→ Instructions for the task: Write exactly, with no line omitted or added, the span beginning at the line that holds "Neptunia Anime, Anime" and ending at the last line of the records.

→ Supplied material:
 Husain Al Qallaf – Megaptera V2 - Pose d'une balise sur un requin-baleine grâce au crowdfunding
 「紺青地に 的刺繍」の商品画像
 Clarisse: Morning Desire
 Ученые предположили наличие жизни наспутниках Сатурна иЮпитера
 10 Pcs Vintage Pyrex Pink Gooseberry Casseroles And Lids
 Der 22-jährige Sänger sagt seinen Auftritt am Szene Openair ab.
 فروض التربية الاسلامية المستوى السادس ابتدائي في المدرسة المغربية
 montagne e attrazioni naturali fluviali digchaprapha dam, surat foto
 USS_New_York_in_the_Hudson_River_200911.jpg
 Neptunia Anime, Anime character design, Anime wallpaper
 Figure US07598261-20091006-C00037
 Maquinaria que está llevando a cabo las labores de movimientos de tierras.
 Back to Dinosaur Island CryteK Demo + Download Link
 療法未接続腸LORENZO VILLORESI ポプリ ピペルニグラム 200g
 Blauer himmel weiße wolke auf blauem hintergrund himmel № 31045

→ Reply to the task:
 Neptunia Anime, Anime character design, Anime wallpaper
 Figure US07598261-20091006-C00037
 Maquinaria que está llevando a cabo las labores de movimientos de tierras.
 Back to Dinosaur Island CryteK Demo + Download Link
 療法未接続腸LORENZO VILLORESI ポプリ ピペルニグラム 200g
 Blauer himmel weiße wolke auf blauem hintergrund himmel № 31045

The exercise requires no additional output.